We load documents into memory, embed them using OpenAI's embedding model, and store them in a Qdrant collection for future retrieval.

We now use a language model to generate multiple versions of the user's query to increase recall.

In [7]:
from langchain.chat_models import ChatOpenAI
from langchain.retrievers import MultiQueryRetriever

# Use a deterministic LLM for consistent outputs
llm = ChatOpenAI(temperature=0)

# Wrap the base retriever with MultiQueryRetriever
multi_retriever = MultiQueryRetriever.from_llm(
    retriever=vectordb.as_retriever(),
    llm=llm
)


  llm = ChatOpenAI(temperature=0)


We instantiate a ChatOpenAI model to generate multiple rephrasings of the input question. These variations are passed to the retriever to pull a wider range of relevant documents.

Now, let’s use the retriever to fetch documents related to the user’s query.

In [8]:
user_question = "Why did my bank transfer fail?"
docs_found = multi_retriever.get_relevant_documents(user_question)

print(f"Retrieved {len(docs_found)} documents with Multi-Query RAG.")
for i, doc in enumerate(docs_found, 1):
    snippet = doc.page_content[:60].strip()
    print(f"Doc {i}: {snippet}...")


  docs_found = multi_retriever.get_relevant_documents(user_question)

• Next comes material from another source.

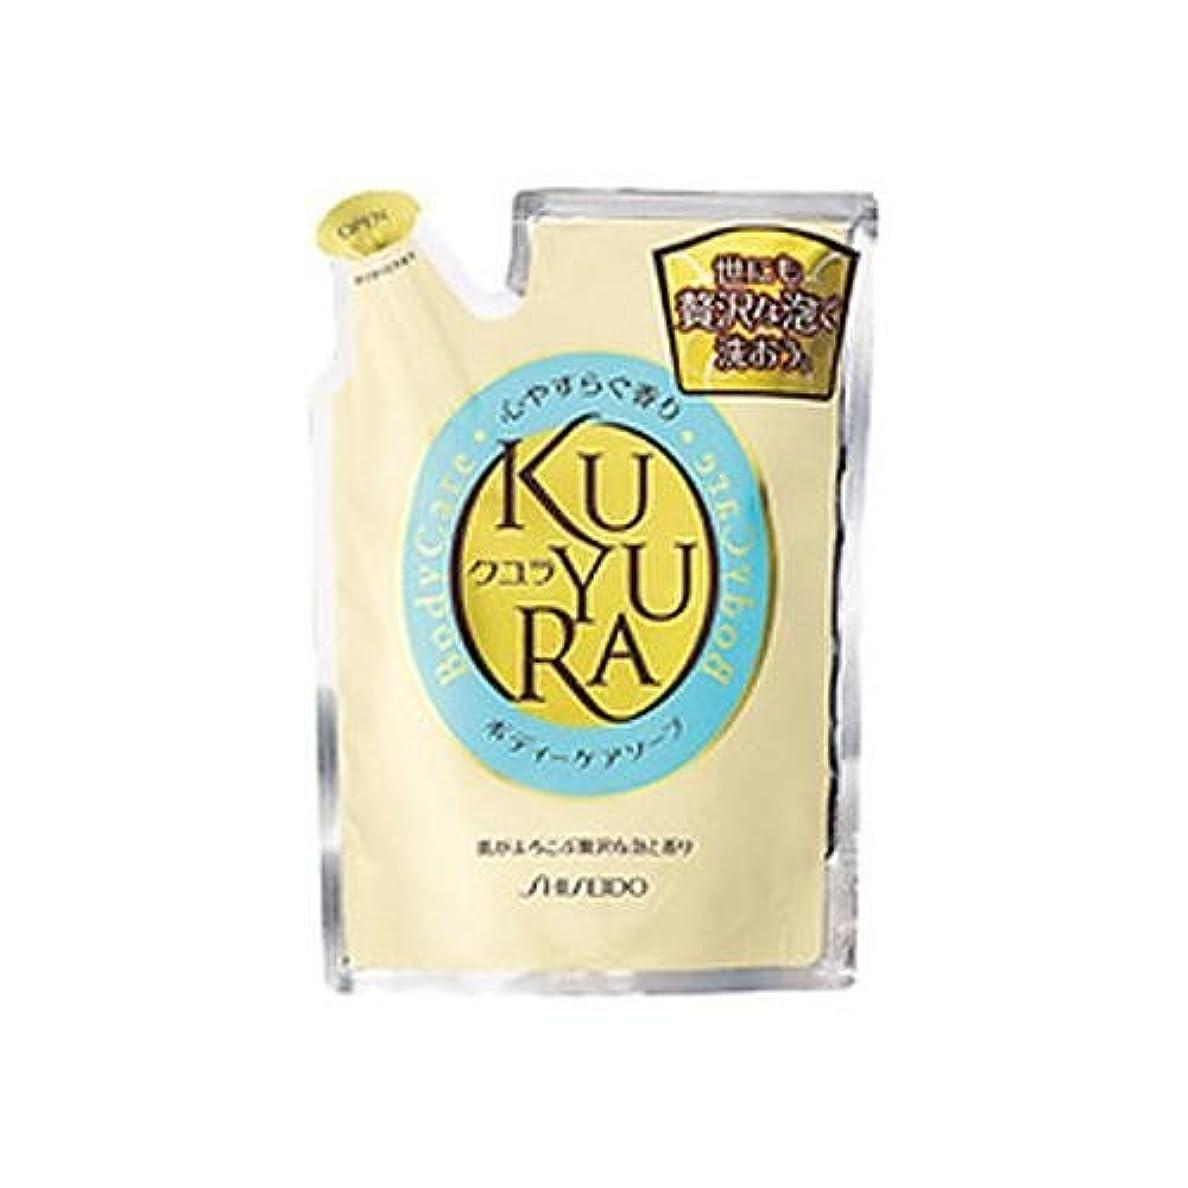 メディカルコードロッド資生堂 クユラ ボディケアソープ 心やすらぐ香り つめかえ用400ml×18点セット (4901872836260)

Retrieved 3 documents with Multi-Query RAG.
Doc 1: Error codes for failed bank transfers: 101 Insufficient Fund...
Doc 2: If a transfer fails due to insufficient funds, ......
Doc 3: Transfers may be declined if daily limits are exceeded or ac...


What’s happening:
The get_relevant_documents method internally prompts the LLM to generate multiple versions of the input query. Each query is used to perform a similarity search on the Qdrant vector store. The results are combined and deduplicated before being returned.

# Reciprocal Rank Fusion

## Assume we already have our vectordb (Qdrant) and embedding model from earlier.

In [10]:

# Two different query formulations (e.g., produced by an LLM or manually crafted):
queries = [
    "Why would a bank transfer be declined? Insufficient funds scenario.", 
    "Reasons a bank transfer might fail due to account issues or limits."
]


These variations represent different phrasings of the same core user intent. They may yield different sets of relevant documents, which we aim to combine.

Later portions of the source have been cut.